Provided data =
────────────────────

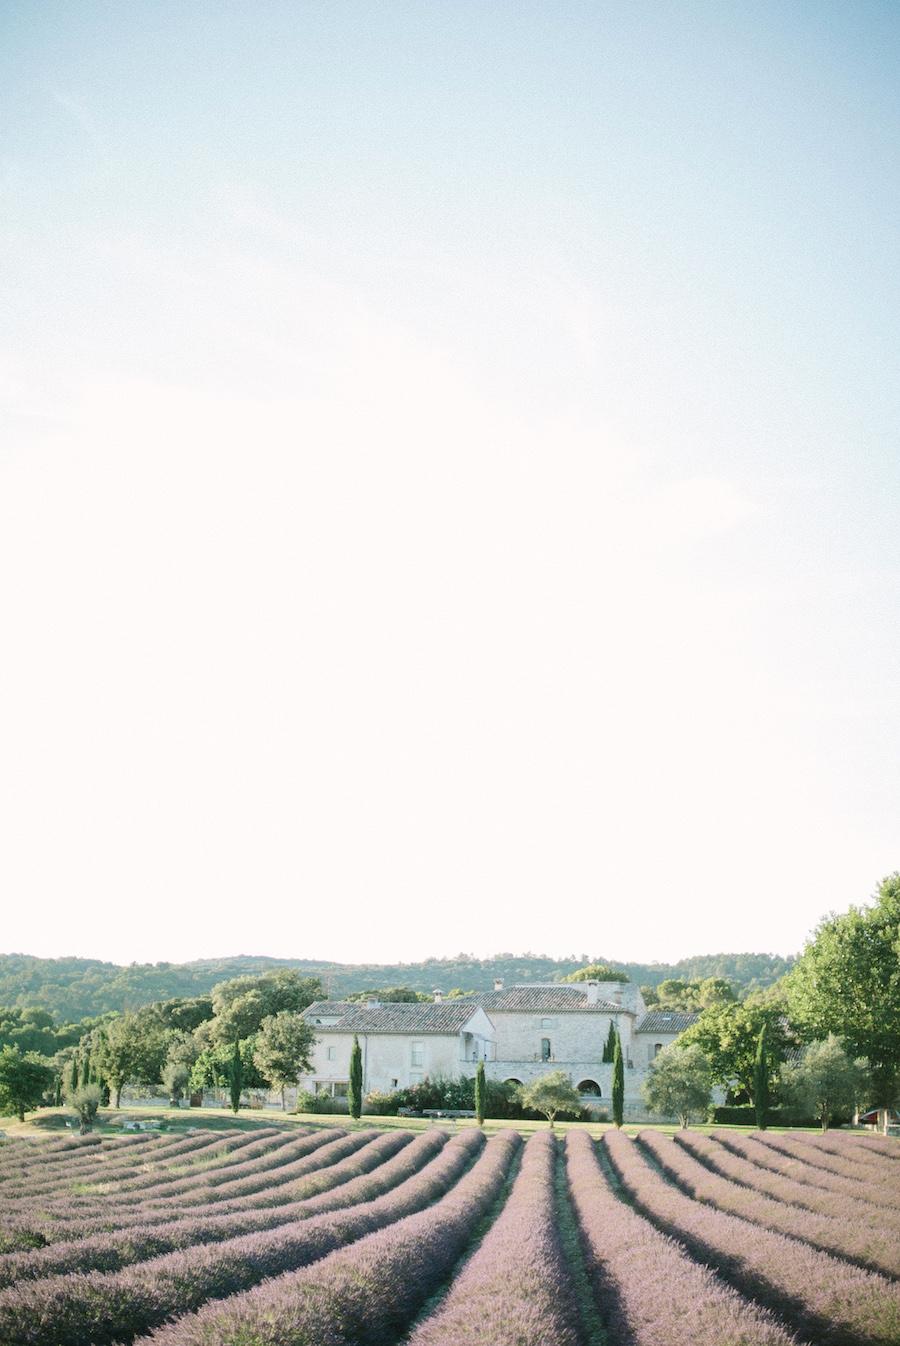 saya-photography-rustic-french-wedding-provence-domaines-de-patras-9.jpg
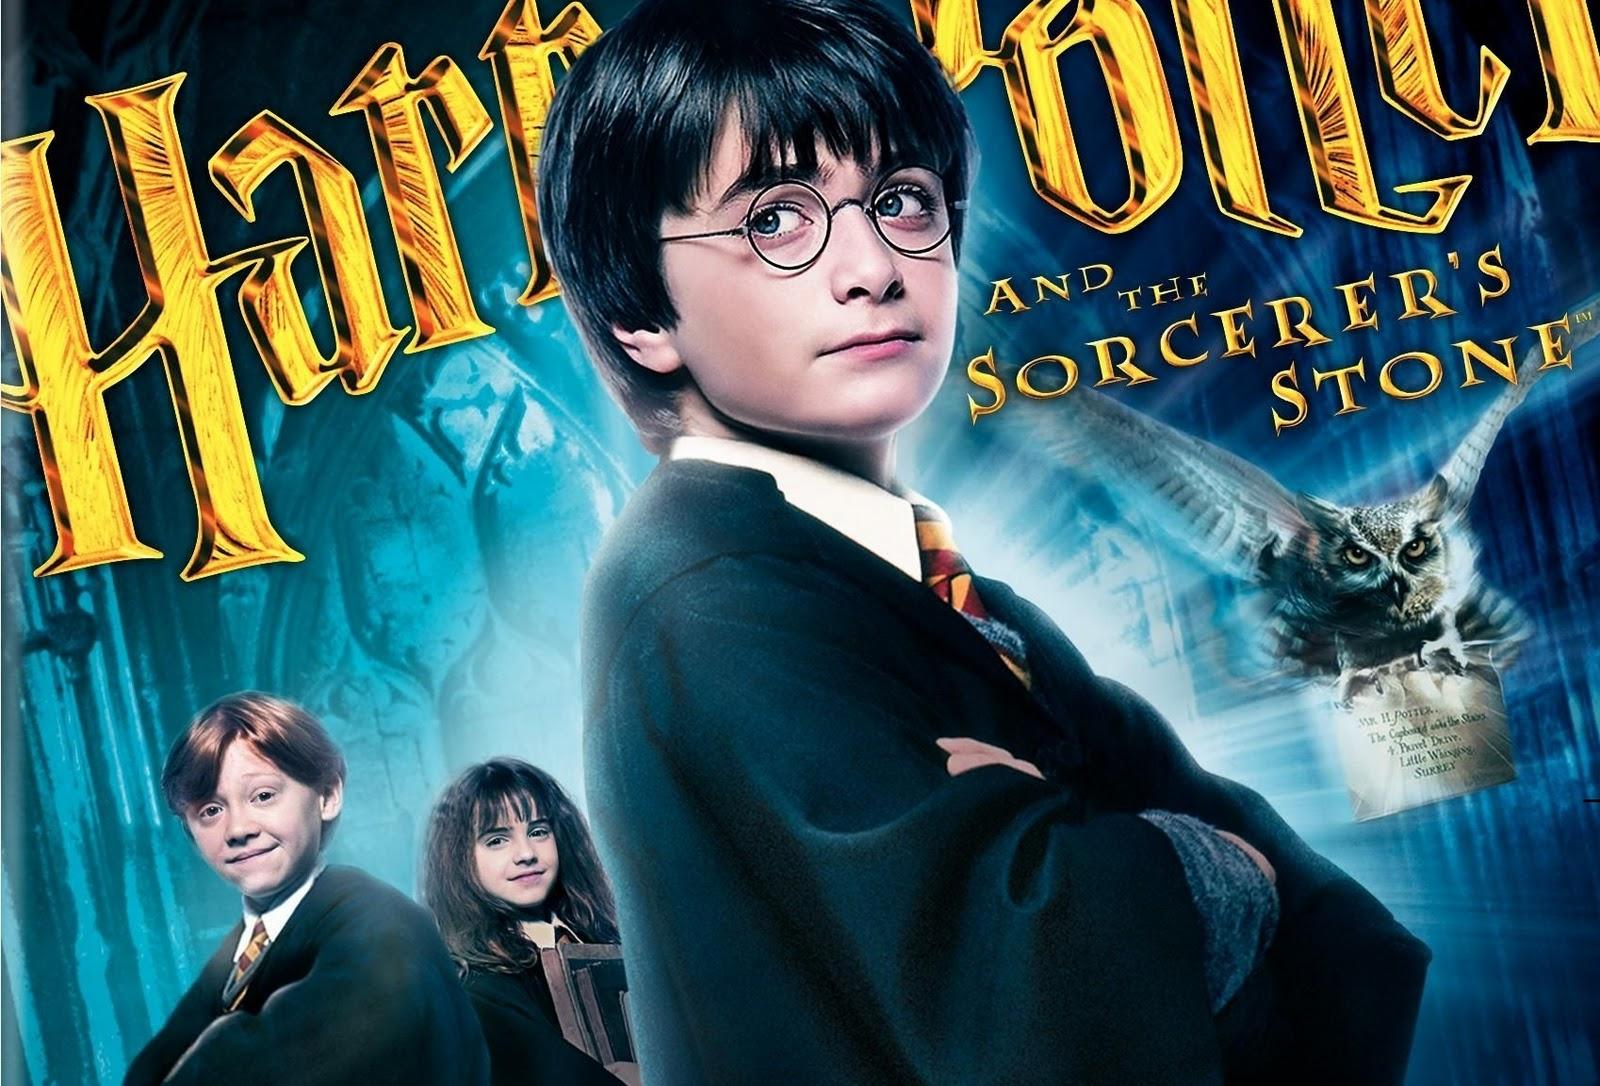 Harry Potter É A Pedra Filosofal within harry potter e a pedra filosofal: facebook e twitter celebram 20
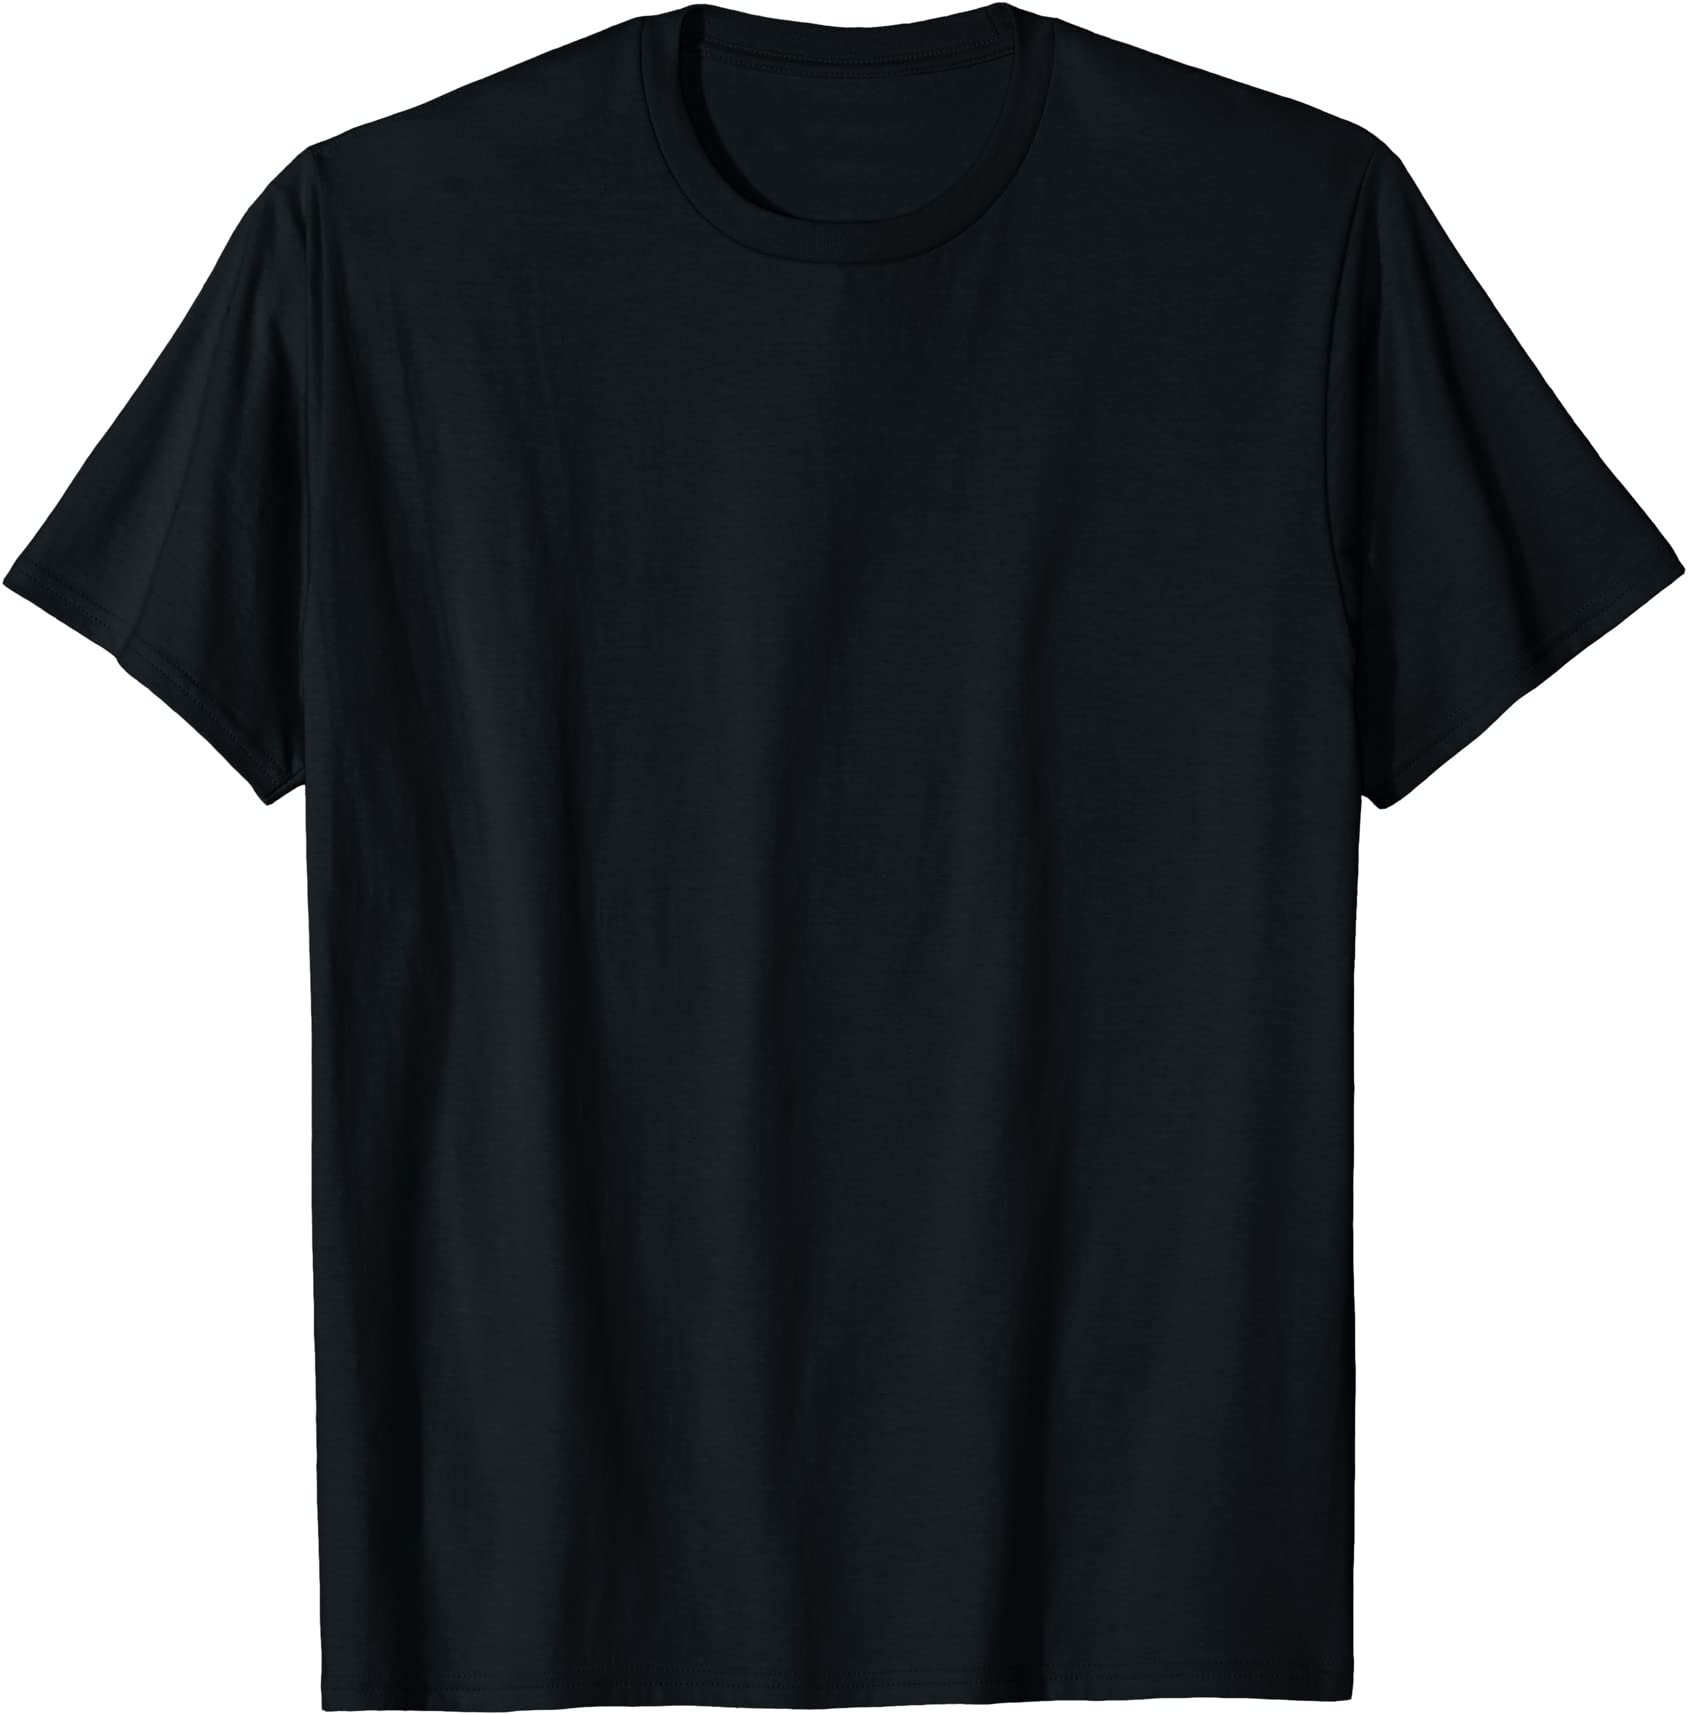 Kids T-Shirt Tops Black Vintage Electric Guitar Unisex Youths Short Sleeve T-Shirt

────────────────────

What the exercise asks =
In your copy of the listing above, reproduce each line exactly and omit all pictures.

Response to this task =
 saya-photography-rustic-french-wedding-provence-domaines-de-patras-9.jpg
 Harry Potter É A Pedra Filosofal within harry potter e a pedra filosofal: facebook e twitter celebram 20
 Kids T-Shirt Tops Black Vintage Electric Guitar Unisex Youths Short Sleeve T-Shirt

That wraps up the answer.